Ambassador of Latvia to France
- In office 2010–2016

Ambassador of Latvia to the Netherlands
- In office 2008–2010

Personal details
- Born: 1972 (age 53–54)
- Party: People's Party
- Relatives: Daniels Pavļuts (brother)
- Alma mater: Latvian Academy of Culture Paris Institute of Political Studies
- Occupation: Diplomat, civil servant

= Sanita Pavļuta-Deslandes =

Latvian civil servant and diplomat

Sanita Pavļuta-Deslandes (born 1972) is a Latvian civil servant and diplomat, former ambassador to the Netherlands and France. Since 2023, she serves as ambassador of Latvia to the United Nations.

== Career ==
In 1995, she graduated from the Latvian Academy of Culture, and afterwards from the Paris Institute of Political Studies in 1998. Since 1995, she has worked at the Latvian Ministry of Foreign Affairs, serving as advisor to Prime Minister Aigars Kalvītis on European Union affairs (2005–2007). She was also an advisor at the Ministry of Education and Science (2006). In the 2006 parliamentary election, she unsuccessfully ran for a seat in parliament on the People's Party list.

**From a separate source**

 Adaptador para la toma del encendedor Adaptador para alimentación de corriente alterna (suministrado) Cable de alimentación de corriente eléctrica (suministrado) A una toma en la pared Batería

From 2008 to 2010, she served as ambassador to the Netherlands, and in 2010 she was appointed ambassador to France and to the International Organization of La Francophonie. She served in this capacity until 2016.

In 2023, she became Latvia's ambassador to the United Nations.

== Personal life ==
She is the sister of Daniels Pavļuts.